Svetlana - you're my hero ! I'd like to test russian stemmer
(current version is available: http://intra.astronet.ru/db/lingua/snowball/)
I'm working on development of Russian Scientific Network (www.nature.ru)
and we found stemming is very important for scientific corpora.

	Oleg
On Mon, 9 Sep 2002, Svetlana Pereyaslavets wrote:

> Dear Martin,
> I am not a linguist, but a native Russian speaker.

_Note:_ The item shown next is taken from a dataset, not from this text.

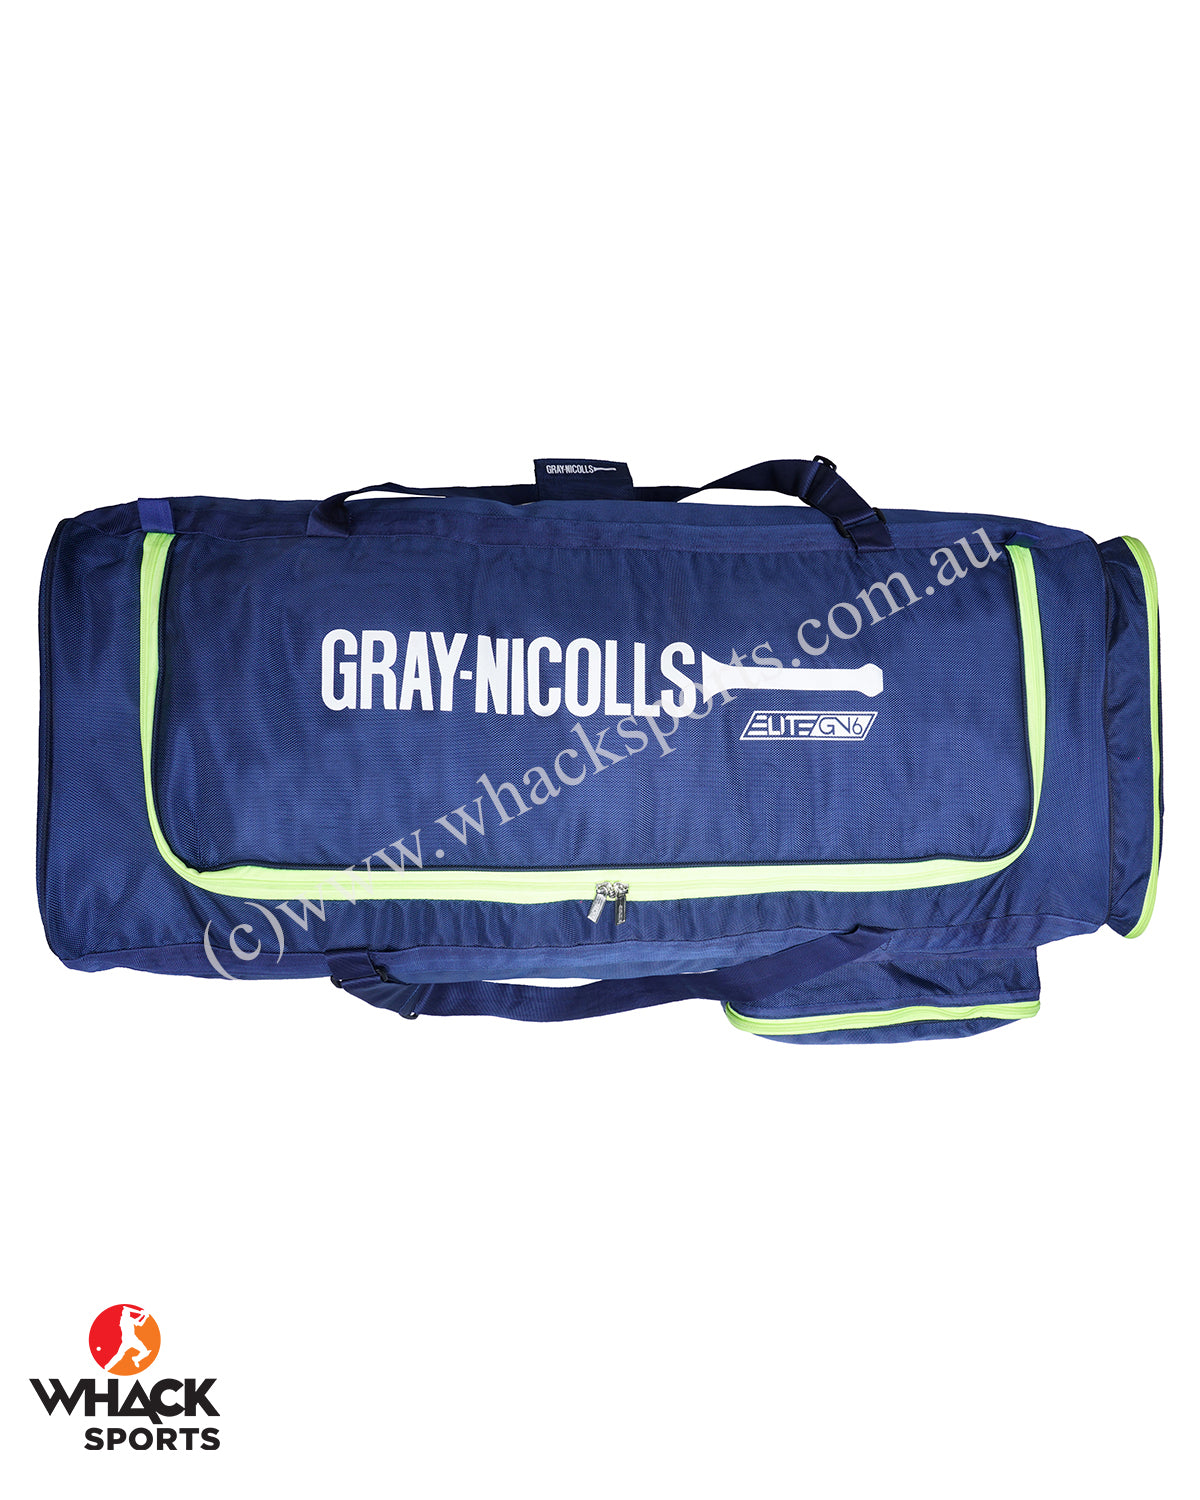 getpaddedup Ultra Wheelie Cricket Kit Bag (Red/Black)
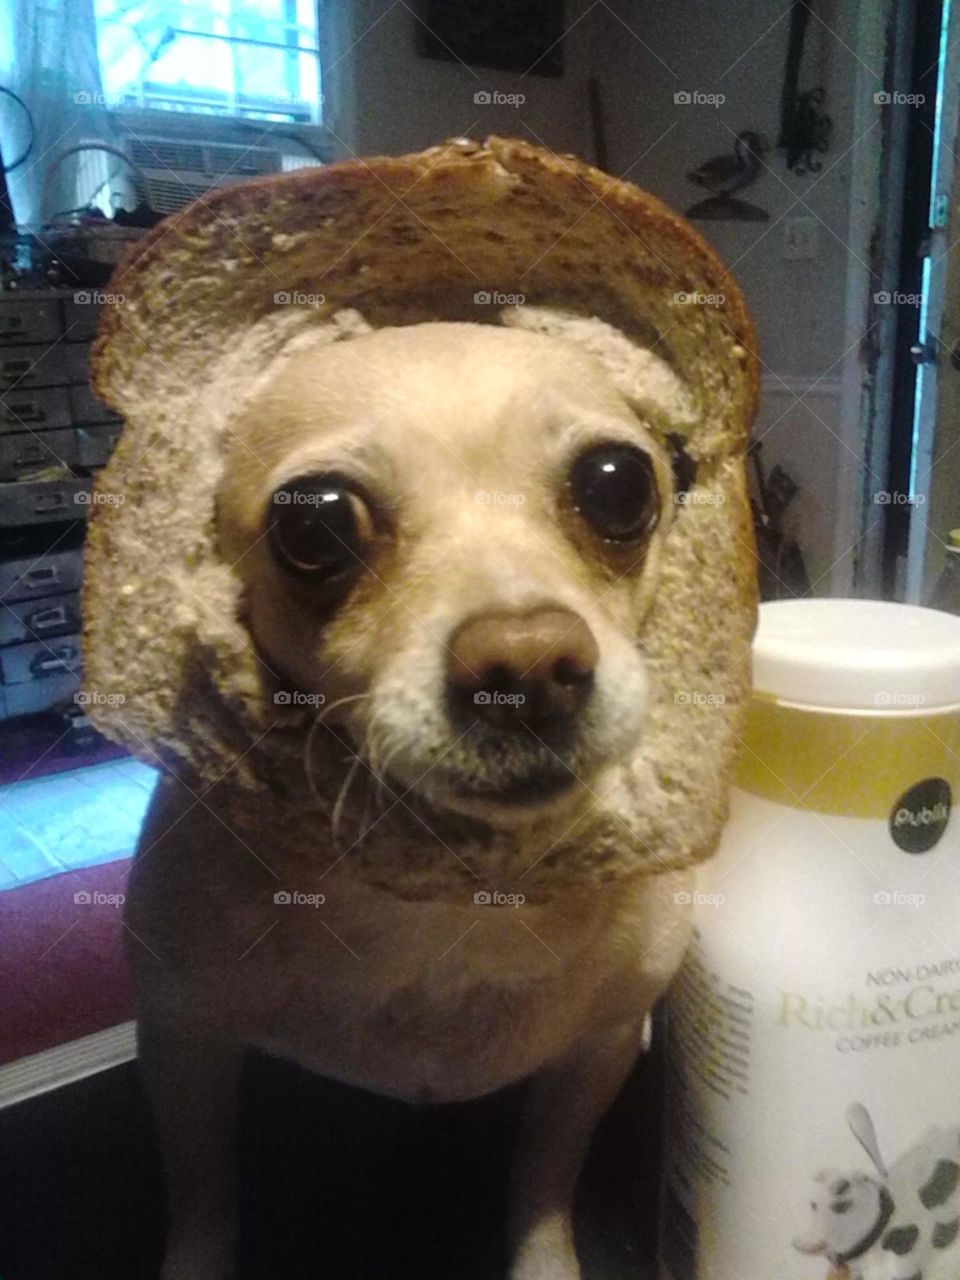 "In Bread"lol

May I try to give some
> explanation on this suffix.
> Free, but hopefully helpful :-)
> It is a very common in Russian adjectives and adverbs when we deal with a
> construction:
>
> *****basic*construction********
>   prefix-root  - "other optional" suffix - n (Oleg's question) - <adjective
> ending> ( = yi/iy/oy....through all genders and declinations)
> *******************************
> The rule has the following options:
> 1.  prefix-root  - n - <adjective ending >
>
> 	1.1. The root itself ends on  -n-
> 	In this case we will encounter -nn- after stripping the adjective ending,
> and we SHOULD REMOVE one -n- (that is the 	suffix).
> 	Such words usually don't have prefixes (so can be easily compared to the
> dictionary).
> 	Example : kon-n-yi (adjective from "kon'"=horse)
>
> 	1.2  The root ends on any other letter
>
> 	we SHOULD REMOVE the -n- (that is the suffix).
> 	Example: ruch-n-oy (adjective from "ruka"= hand).
>
> 2.  prefix-root  - "other optional"suffix - n - adjective ending
>
>
> 	2.1. other optional suffix = - an- or - yan -
>  	- a- or -ya- SHOULD BE REMOVED TOGETHER with the suffix -n-.
>
> 	Example: "sherst-yan-oy" (=woolen).
>
> 	THREE exceptions from this rule would fall under case 2.2:
> 	"stekl-yan -n - <adjective ending>" (adj from glass)
> 	"olov-yan -n - <adjective ending>" (adj from tin)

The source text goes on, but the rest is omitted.